Canon claims 4 stops and I found that to be about right. I am fairly steady, but found that results at 1/8th of a second were always sharp unless I was not taking care to be steady. All four frames were sharp. At 1/4th of a second, they were also all sharp, except from one where I felt myself fail to release the shot smoothly. What surprised me was ½ a second, where 3 of four were still sharp and half were sharp at a second (a few examples of each being show below). That’s ridiculously good for full-frame. For static scenes, when you are able to shoot multiple frames, you can obtain perfectly pixel sharp images at one second. Wow. I was standing up with no support when I shot the test and have no doubt that leaning on a wall, or sitting down with elbows on knees would help further.
The Canon EF 35mm f2 IS is an absolute belter of a lens because it combines so many wonderful qualities into one optic. It is plenty sharp wide open, but not ugly wire sharp. It has a lovely bokeh and general fingerprint. It focuses accurately and quickly with little noise, color is very nice and the stabilization is class leading. The price of £400 may seem high to some people, but what other lenses compete? None. No, not even the f1.4 lenses, because although they gain a stop of subject isolation, they lack stabilization, they’re heavier, bulkier and more expensive, don’t all have such pleasant bokeh and they cost 2-3 times as much.
Personally, I think this lens hits a sweet spot. f2 allows for decent subject isolation where you are likely to desire it, but keeps size and price sensible, while allowing for IS. The end result is that the person looking at f1.4 optics to shoot in low light is actually far better off with the Canon EF 35mm f2 IS, because it gives up to three more stops of low light performance. The only downside would be moving subjects where the f1.4 lens would deliver faster speeds. From my experience with documentary work, I think this lens would actually be far more useful, but YMMV.
I have yet to use a 24mm or 28mm f2.8 IS, but can’t help but feel that they are less ‘stand-out’ products, by virtue of being one stop slower than the 35mm f2 IS and so only one stop faster than the zooms. Whereas the EF 35mm f2 IS is shown as outperforming the best zooms by a fair amount at comparable apertures, the same cannot be said for the 24 and 28mm versions, which appear slightly weaker than the EF 24-70 f4 IS L and EF 24-70 f2.8 L II in the outer field, judging by the tests I have seen. The advantage they offer is that they are still one stop faster (which helps somewhat with backgrounds for people shots and could get you out of trouble in low light) and are very much smaller (even than this 35mm f2 IS). They’re also quite a bit lighter at 260g for the 28mm and 280mm for the 24mm. I would like to use them to make my own mind up, but on paper I see them as less appealing choices.

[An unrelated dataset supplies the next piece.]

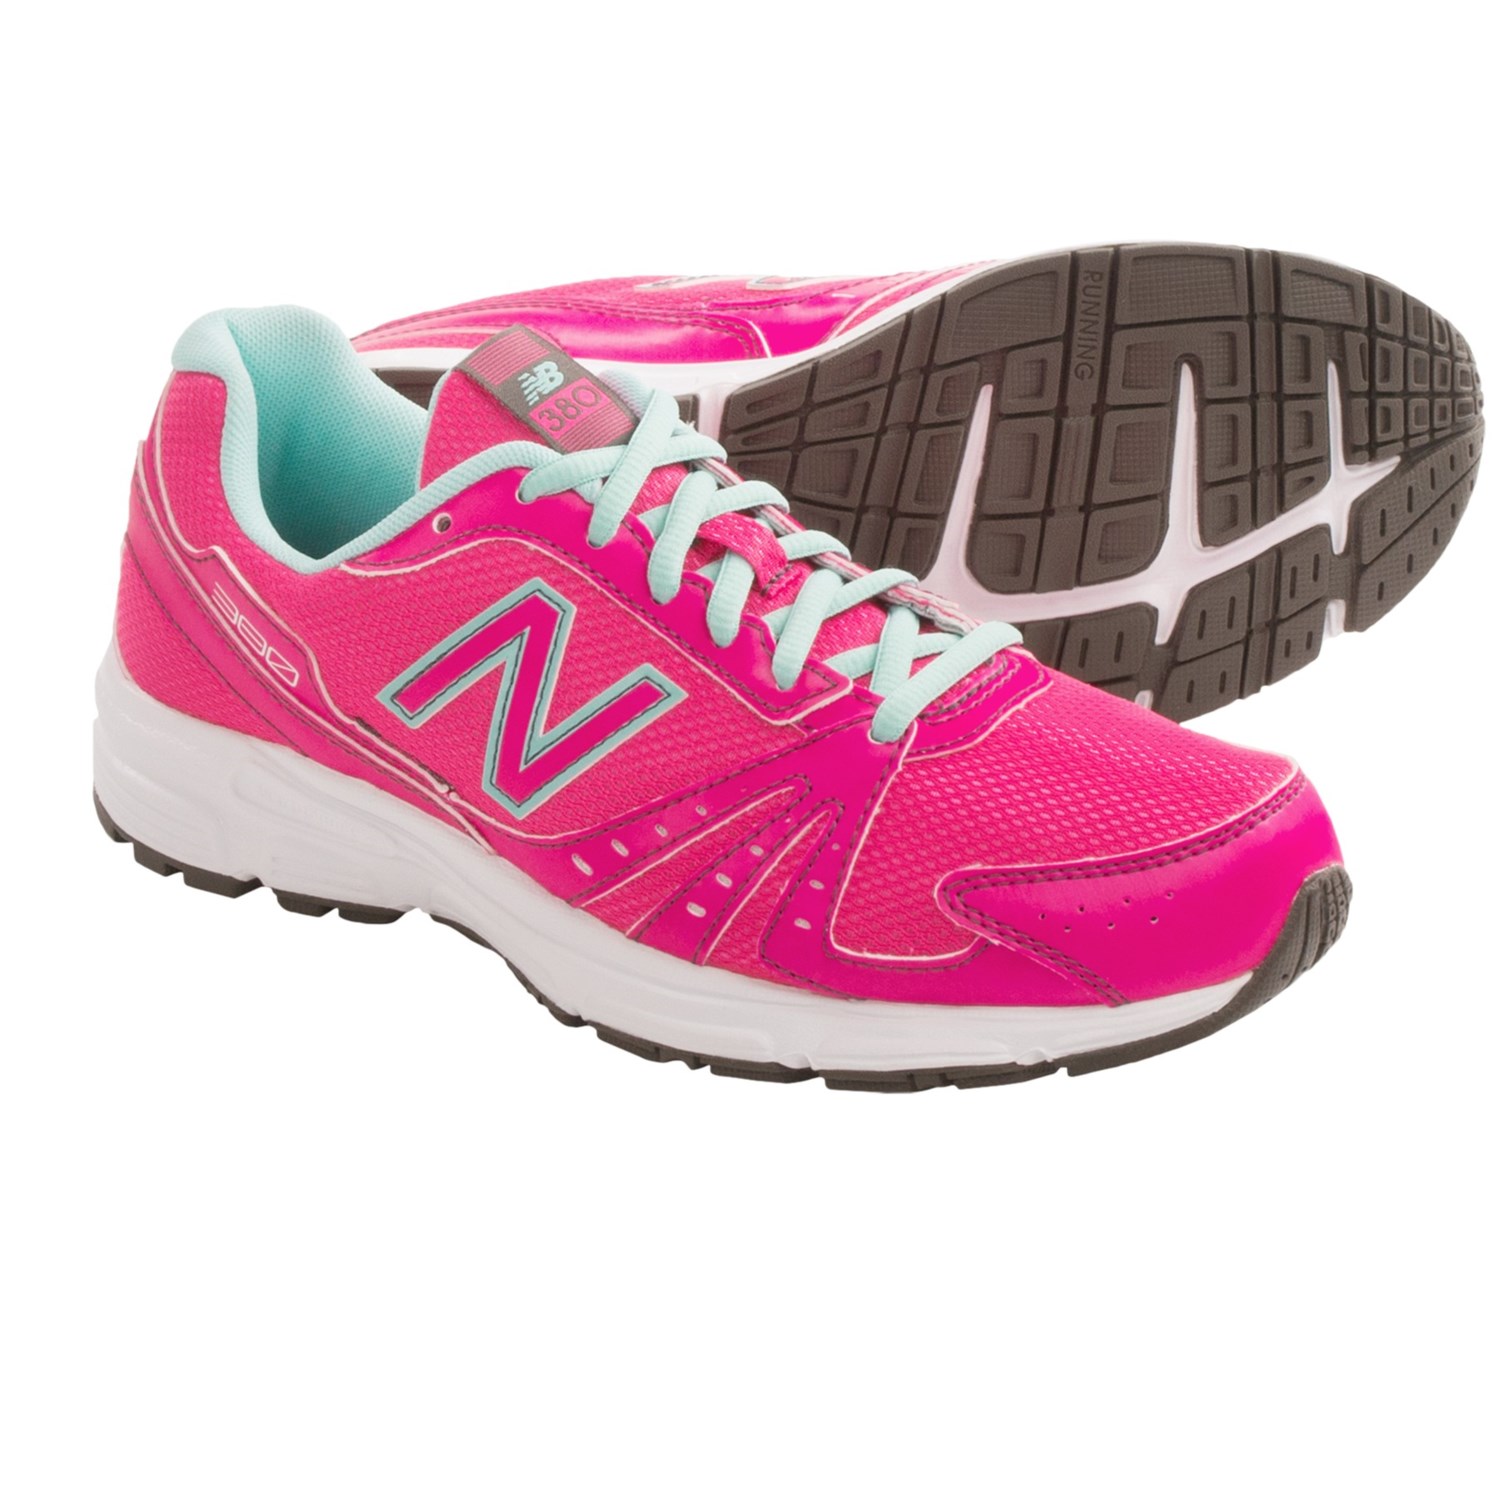 New Balance 380 Neutral Running Shoes (For Women) - Save 29%
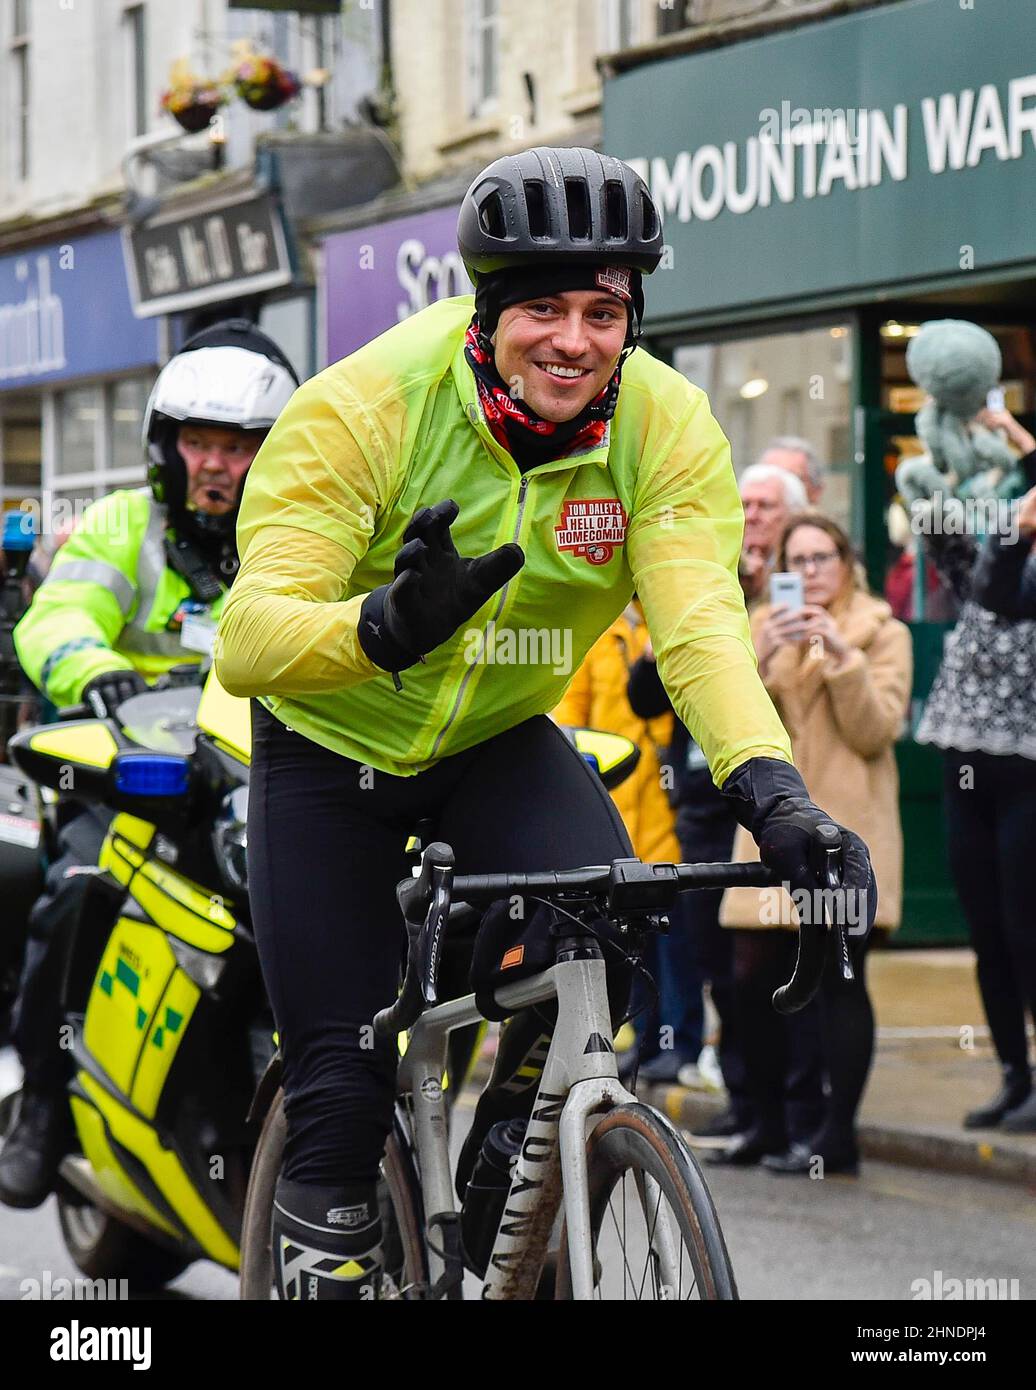 Bridport, Dorset, UK.  16th February 2022.  Olympic gold medalists Tom Daley OBE is cheered on by people lining the street as he rides through Bridport in Dorset on day 3 of his Comic Relief Hell of a Homecoming challenge from the Queen Elizabeth Olympic Park in Stratford to his hometown of Plymouth in Devon.  On this leg he is cycling 130 miles from Southampton to Bovey Castle on Dartmoor in Devon.  Picture Credit: Graham Hunt/Alamy Live News Stock Photo

A few more bokeh examples, where the background has edges and is quite close to the left flower)
I think the Canon EF 35mm f2 IS is a hugely compelling choice for wedding photographers, photojournalists, documentary shooters and perhaps some landscape photographers. In overall terms, I prefer its rendering to my Sony Zeiss 35mm f2.8 FE and think it has something of the Leica 35mm f2.5 Summarit-M about it (sharp, but smooth) and I can think of no higher compliment than that (other than the fact that it does all this with the addition of IS and at a fraction of the price).